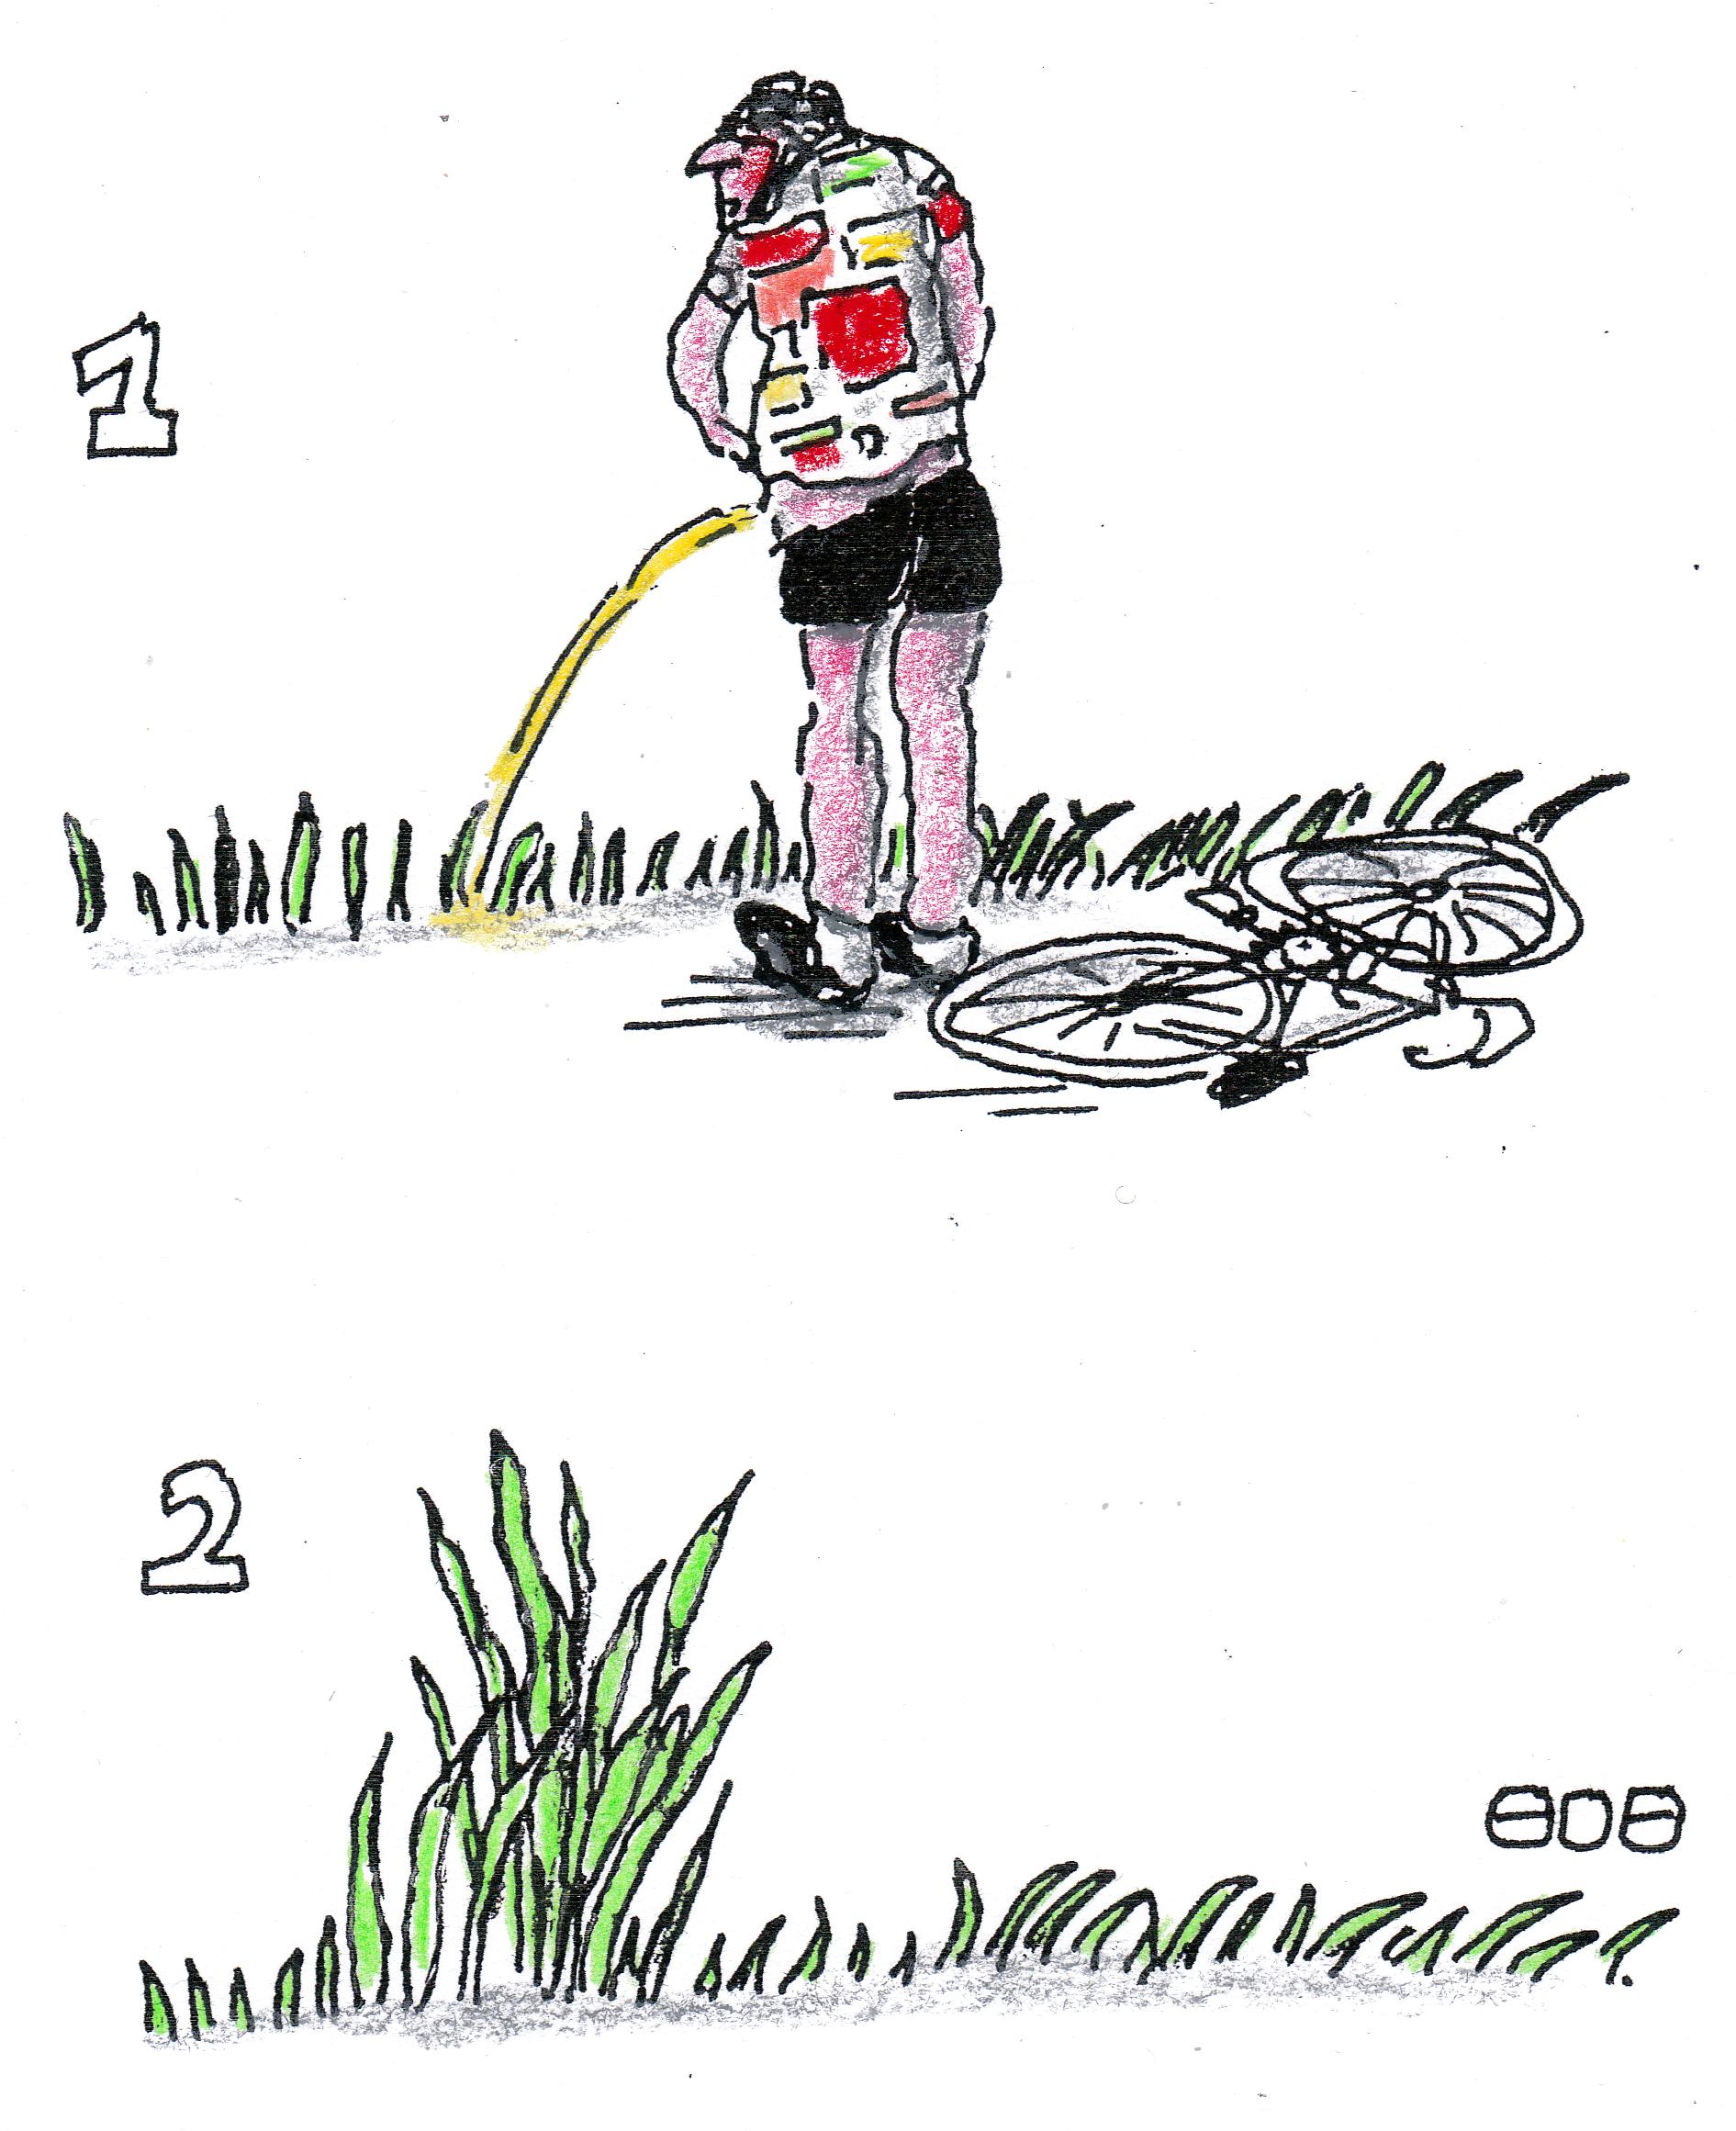 Doping fietser
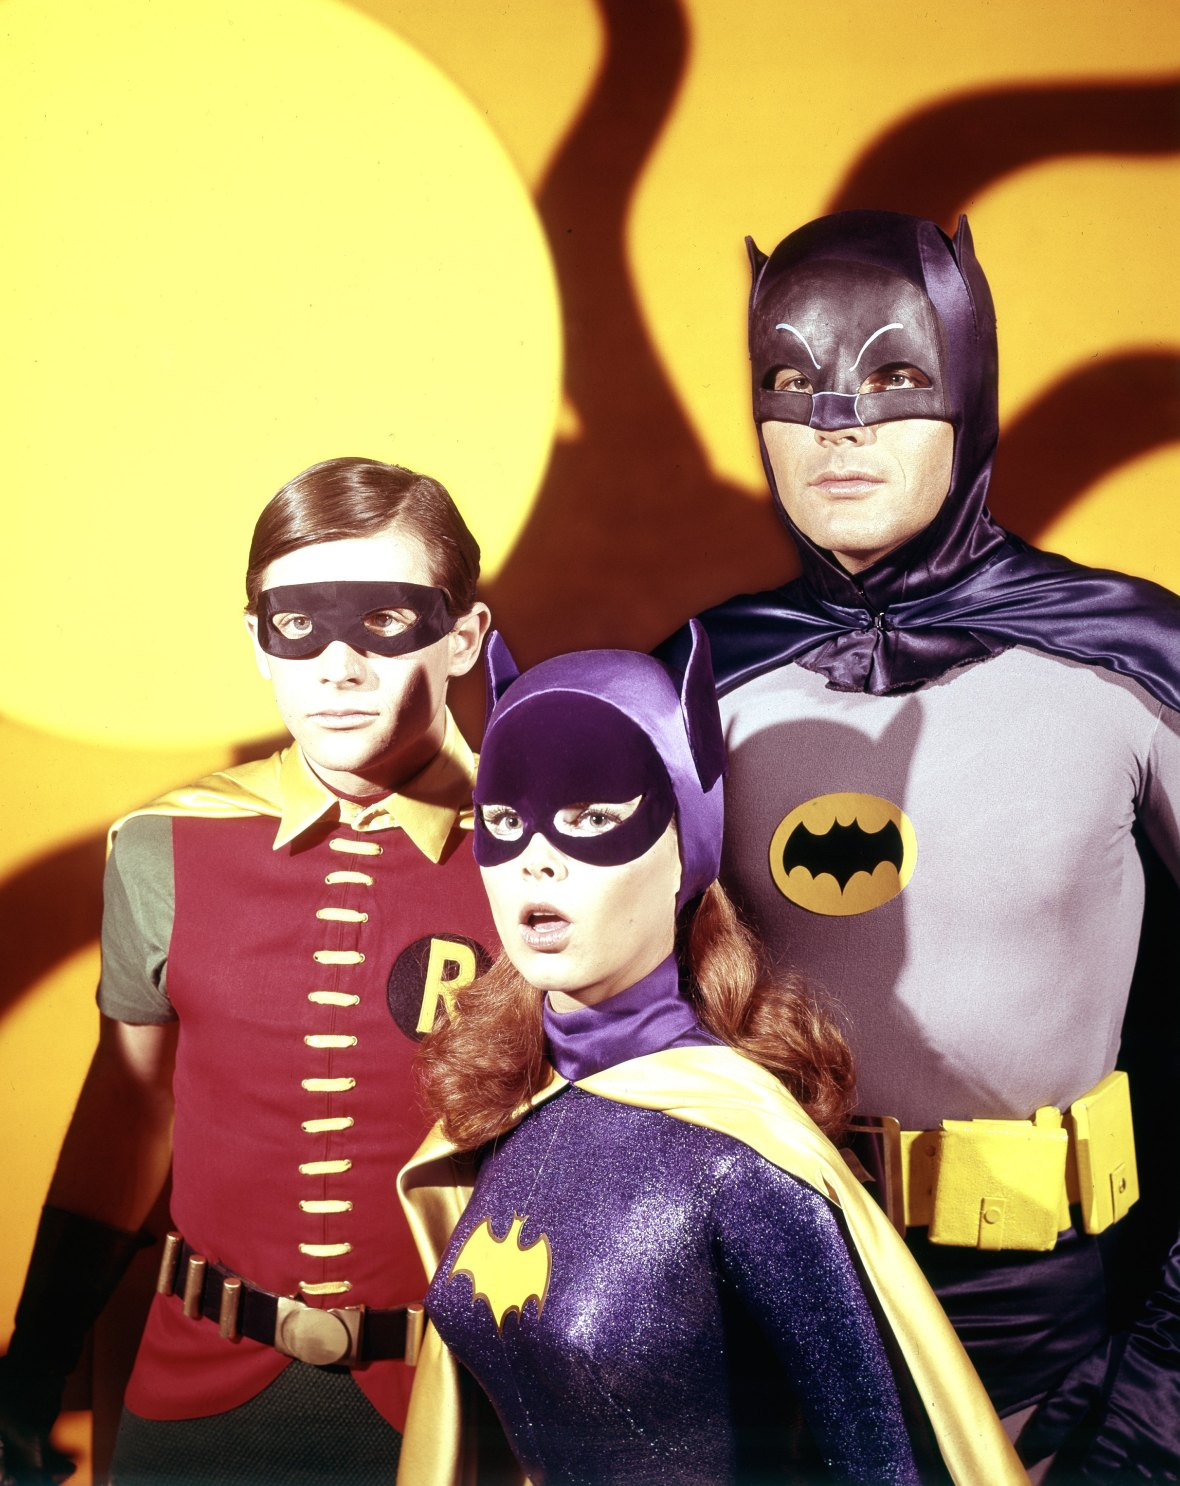 yvonne craig - batman and robin
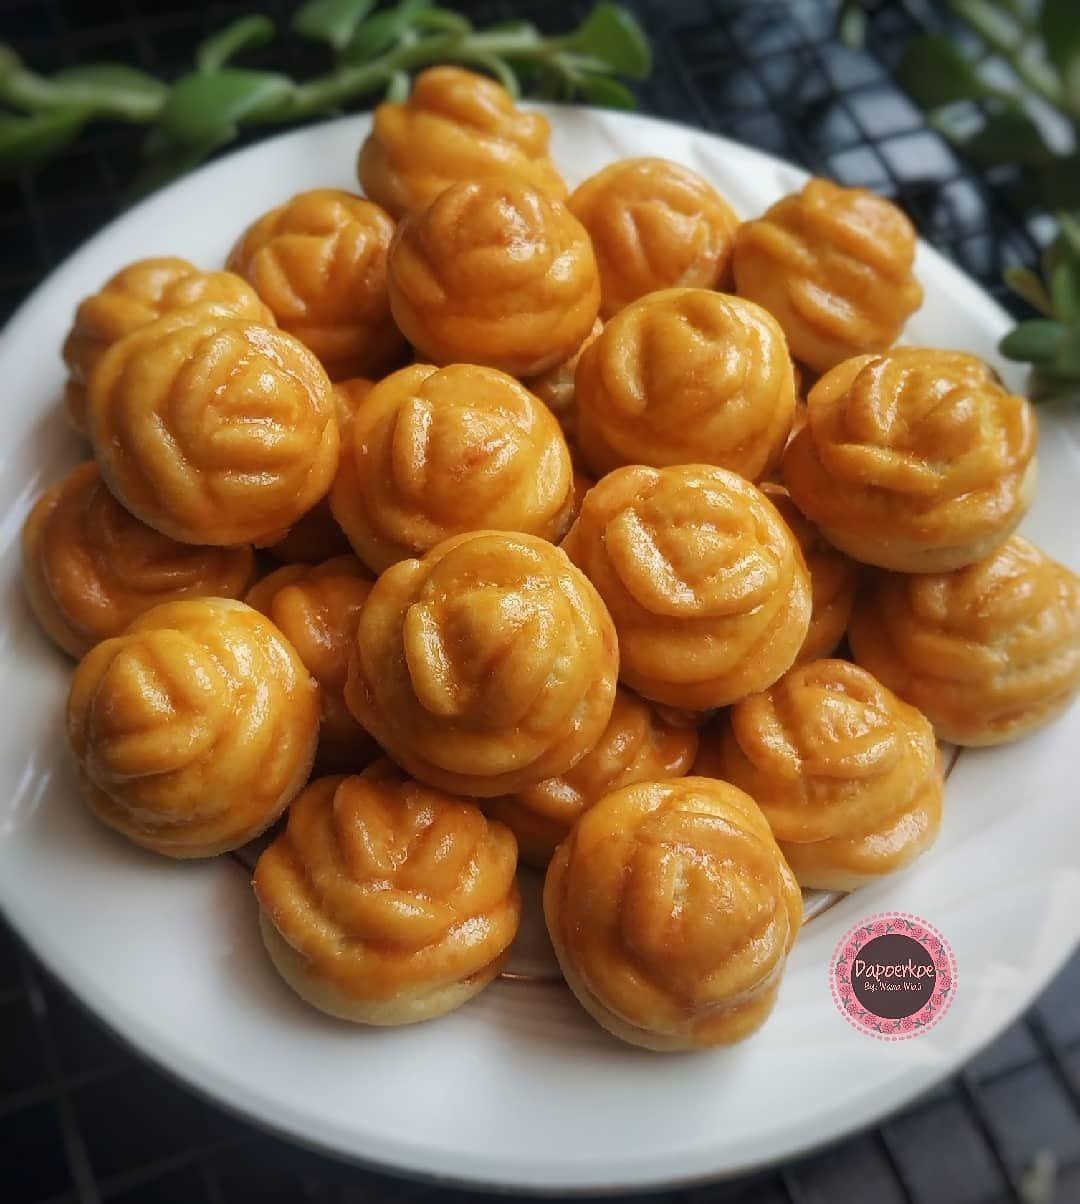 200 G Margarin Dicampur Butter Saya 125 Royal Palmia Food Butter Fruit
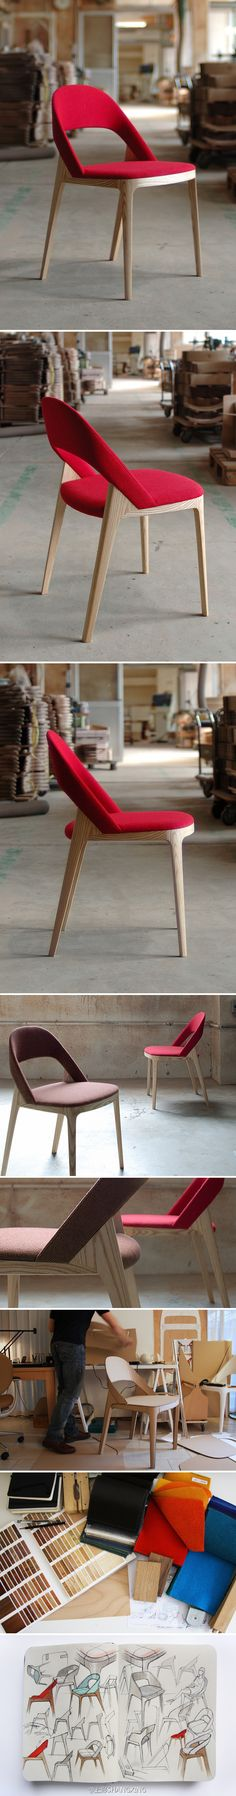 Clamp Chair | http://www.andreaskowalewski.com/ #pin_it #design @mundodascasas See more here: www.mundodascasas.com.br
◆ ◆ ◆ ◆ ◆
What needs to be done: Could the lines above be copied out exactly, with no image carried over?

Answer:
 Doping fietser
 yvonne craig - batman and robin
 200 G Margarin Dicampur Butter Saya 125 Royal Palmia Food Butter Fruit
 Clamp Chair | http://www.andreaskowalewski.com/ #pin_it #design @mundodascasas See more here: www.mundodascasas.com.br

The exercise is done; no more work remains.